Medical Device Giant Hit by Iran-Linked Cyberattack as Lawsuits Mount Over Failed Security

PORTAGE, Mich. — A suspected Iran-linked cyberattack has struck Stryker Corporation, exposing sensitive employee data and sparking multiple lawsuits alleging the company failed to implement adequate cybersecurity measures. The Portage-based medical technology giant, a global leader in surgical and medical equipment, became the latest target of what experts are calling a sophisticated state-sponsored hacking campaign.

The Attack and Its Impact

According to recent federal court filings, Stryker was targeted by the Iranian hacker group Handala in a March 11 cyberattack that disrupted the company's systems worldwide. The attack forced office closures at Stryker facilities around the globe and kept some employees out of work for over a week, according to company statements and employee accounts.

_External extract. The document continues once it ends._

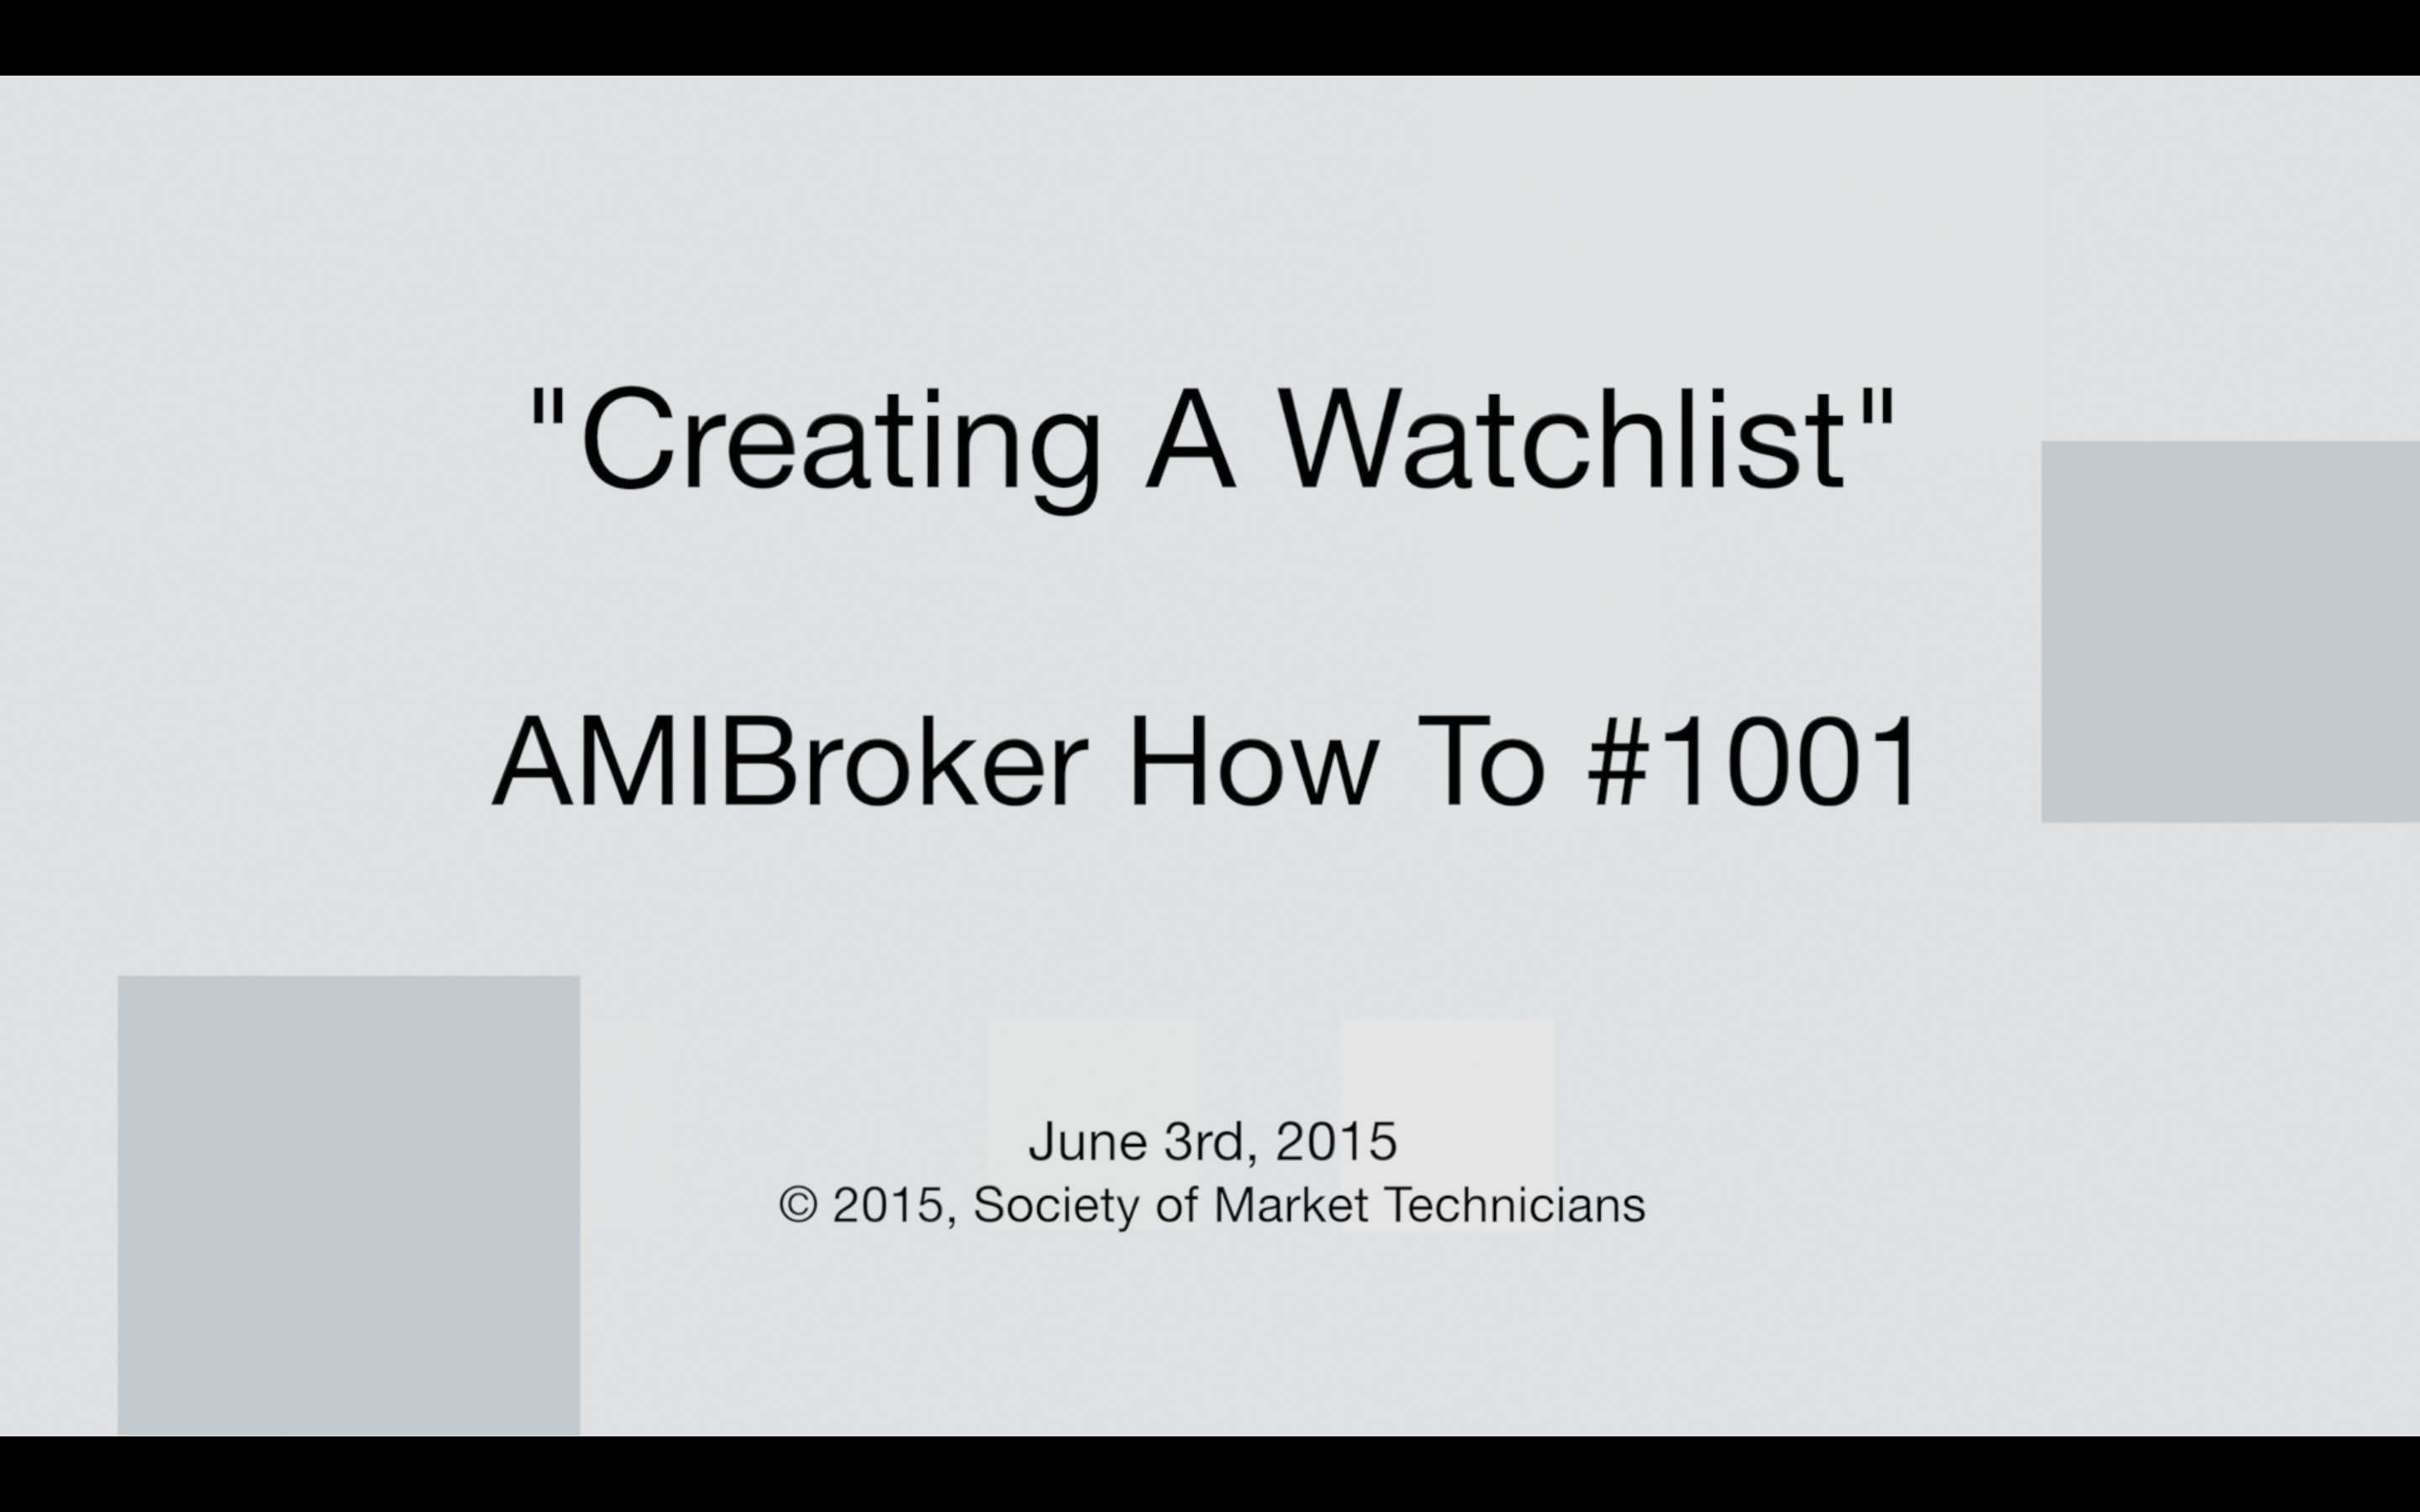 HowTo #1001: “Creating A Watchlist”

One lawsuit alleges that the malicious actor claimed to wipe data from over 200,000 servers, mobile devices, and other systems across Stryker's operations, extracting approximately 50 terabytes of critical data. The company has since confirmed that the breach is now contained and is working around the clock to restore manufacturing capabilities.

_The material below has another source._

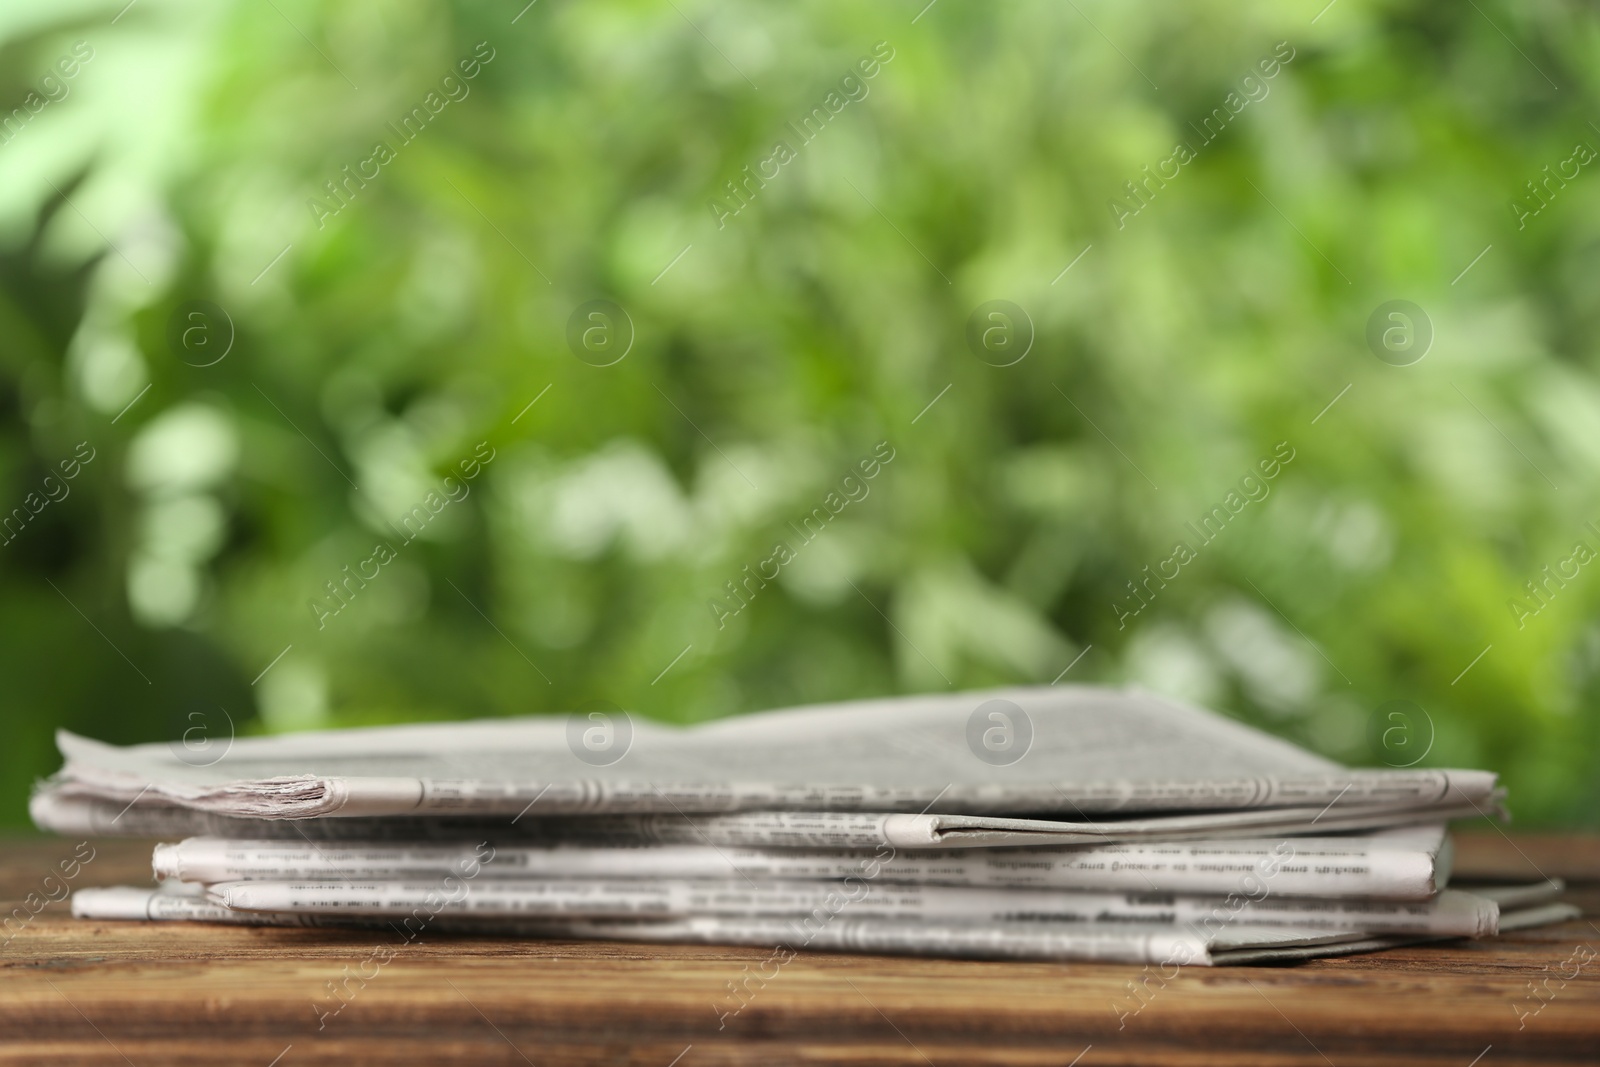 Photo of Newspapers on wooden table against blurred green background, space for text. Journalist's work

Lawsuits Filed Over Data Exposure

Four separate lawsuits have been filed in federal court against Stryker in the days following the hack. The plaintiffs, including current employee Dax Dodge along with three other workers, argue that the company's security practices put employees at serious risk.

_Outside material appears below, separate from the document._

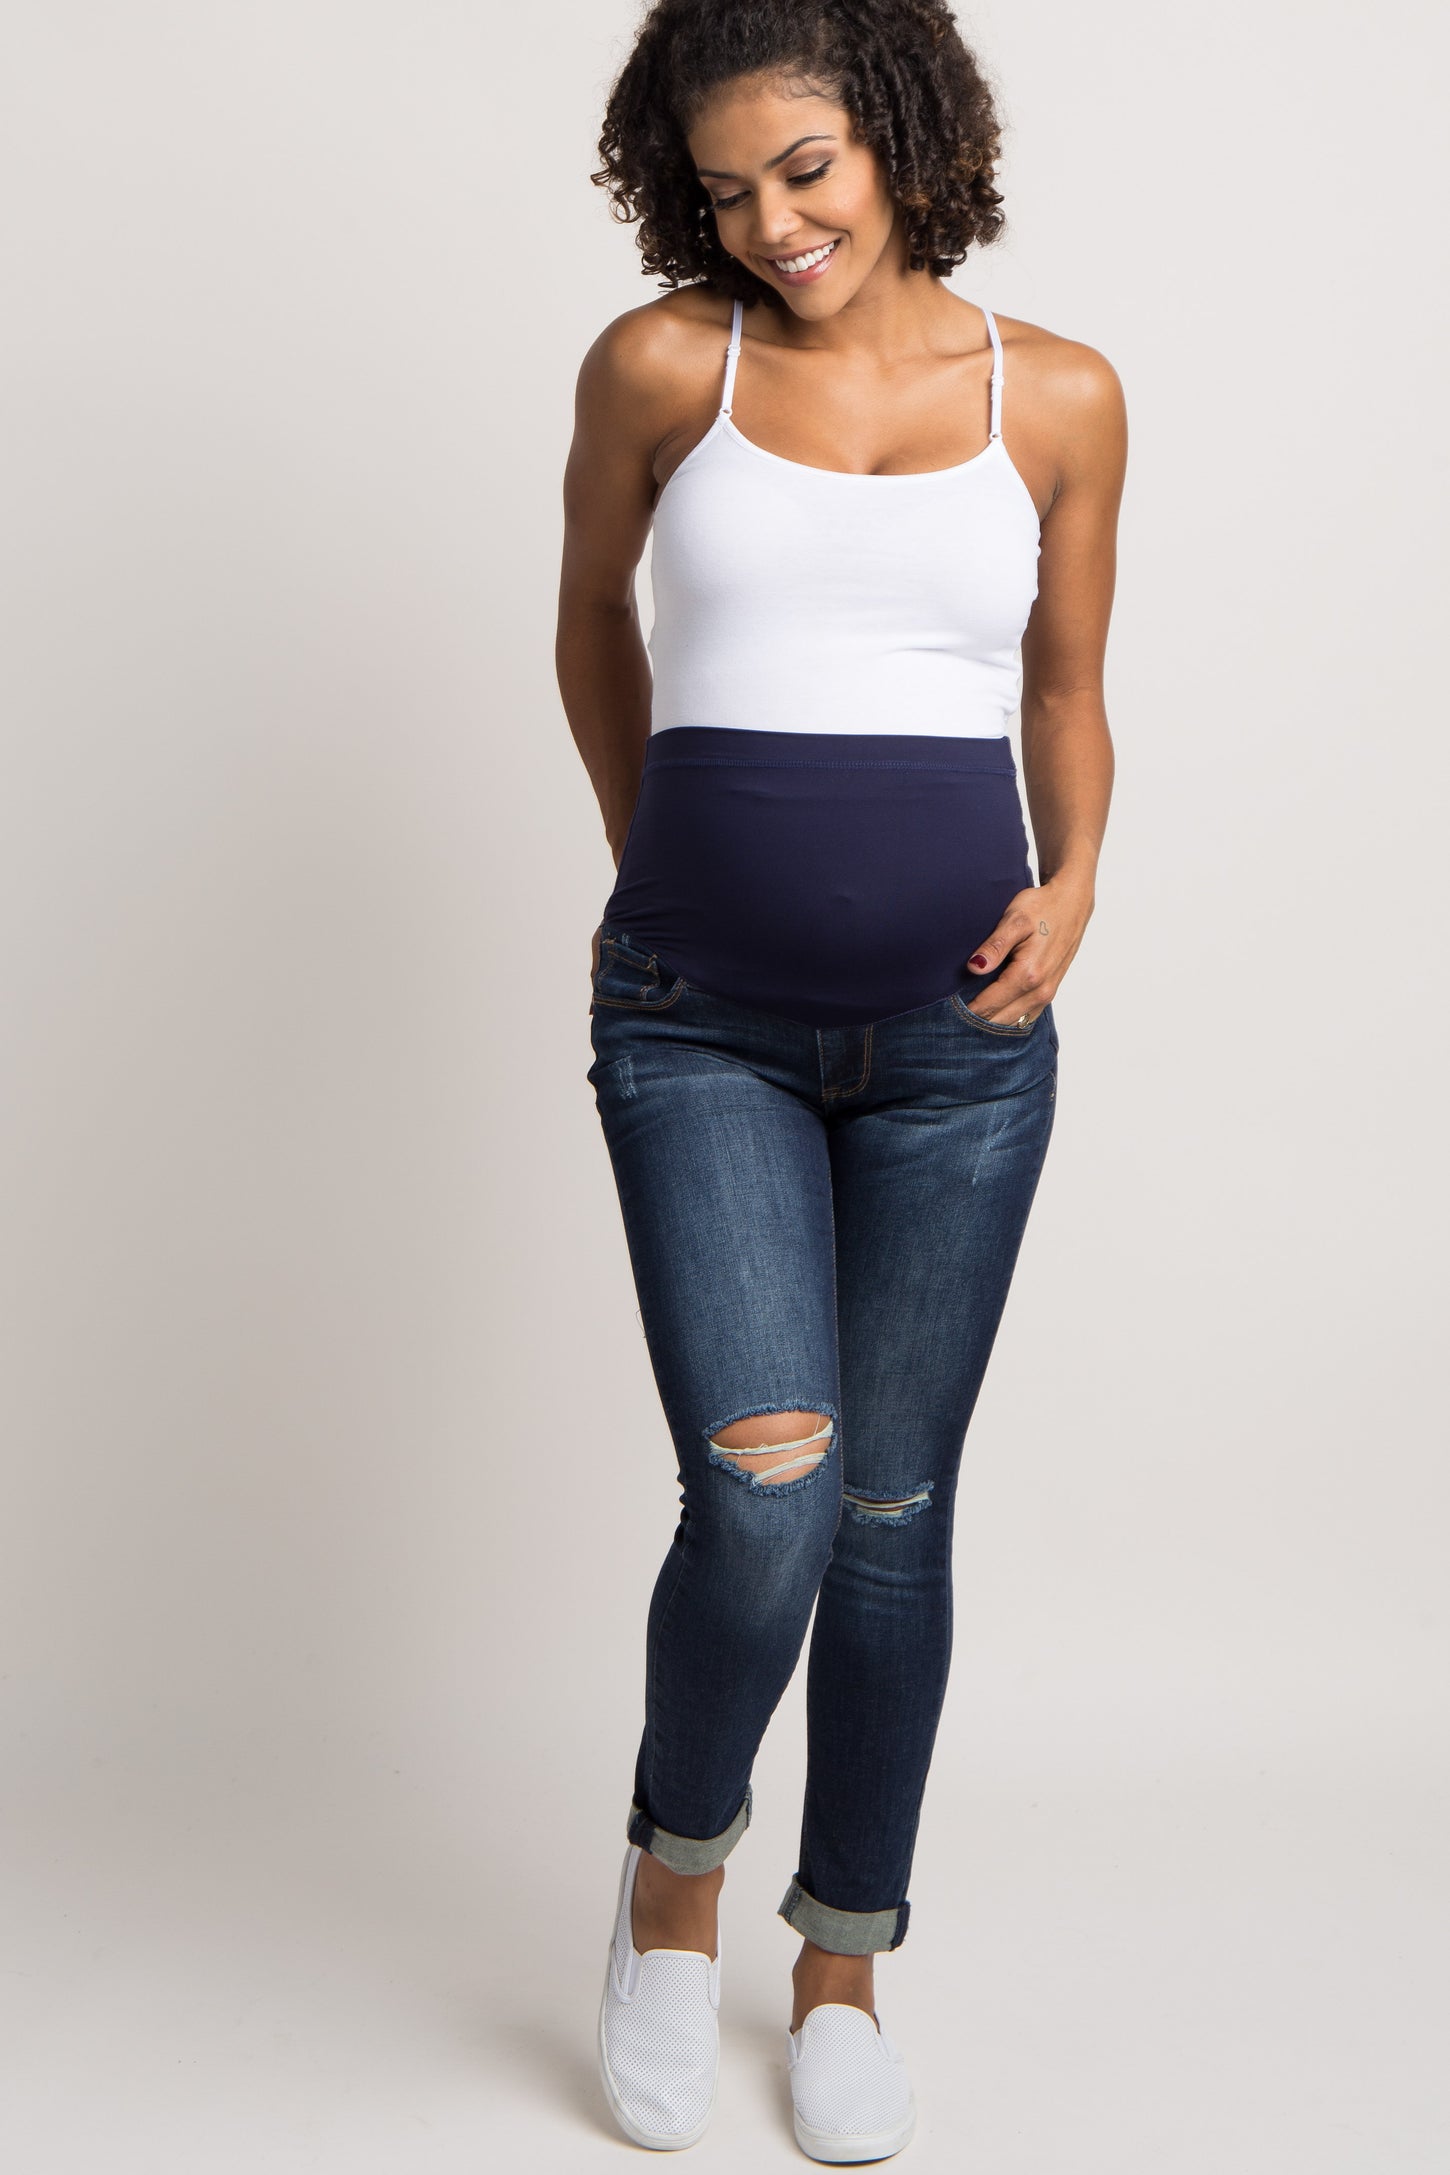 Navy Blue Ripped Knee Cuffed Maternity Jeans

The Dodge lawsuit states that before the data breach, the personal information of current and former employees was private. Now, according to the complaint, that information is "forever exposed and unsecure." The lawsuit asks for attorney fees, payment for damages, and a jury trial.

The legal actions raise questions about the scope of the attack, the adequacy of Stryker's cybersecurity measures, and how long the threat may have gone undetected. While Stryker has stated the hack is contained, plaintiffs argue the safeguards in place were insufficient.

Experts Sound the Alarm

Rich Miller, CEO of Stack Cybersecurity in Livonia, says the breach appears severe and the risks to employee information are significant.

"It is very serious. In fact, there was just a class action lawsuit filed against Stryker," Miller stated. "There were four leak sites seized by the FBI today, and you don't have leak sites if you didn't gain any information."

Miller explained that personal and health information, including Social Security numbers and other identifiable information, could easily be exploited. When you have a pool of thousands of names to target, one individual could face identity theft, medical fraud, or other financial harm.

The lawsuits propose the case as a class action, alleging at least 100 people were affected. The court has not yet approved any of the filings as class actions.

What We Know So Far

The cyberattack occurred on March 11, 2026, and the FBI took down websites associated with the suspected hacker group Handala over the weekend. The company confirmed that a threat actor was able to infiltrate its systems and hid their activity behind a malicious file, prompting an internal investigation and system restoration.

On Monday, March 23, Stryker announced that the hack was contained. The company stated, "We are working closely with our global manufacturing sites as operations continue to stabilize. Manufacturing capability is ramping quickly as critical lines and plants are brought back online, prioritizing patient needs."

This is the first priority of the entire organization, according to Stryker's latest statement.

The Broader Cybersecurity Context

This incident highlights the growing threat of state-sponsored cyberattacks targeting American businesses. The State Department recently opened a Bureau of Emerging Threats to address these challenges, but experts warn that more aggressive action is needed.

The exposure of one's Personally Identifiable Information to cybercriminals is a bell that cannot be unrung, according to one of the lawsuits. Social Security numbers alone can be purchased on the dark web for as little as $5 to $10 each, making them highly valuable to criminal networks.

What Happens Next

The court has not yet approved any of the filings as class actions, and the case will proceed through the legal system. Stryker has declined to comment on the legal matters, citing company policy.

The lawsuits will likely explore whether Stryker failed to implement industry-standard cybersecurity measures that would have prevented the breach. If successful, these legal actions could set important precedents for cybersecurity liability in the corporate world.

For now, Stryker continues its 24/7 effort to restore operations while prioritizing patient needs across its medical device manufacturing facilities. The company's ability to quickly bring critical lines back online demonstrates the resilience of its operations, even in the face of sophisticated cyber threats.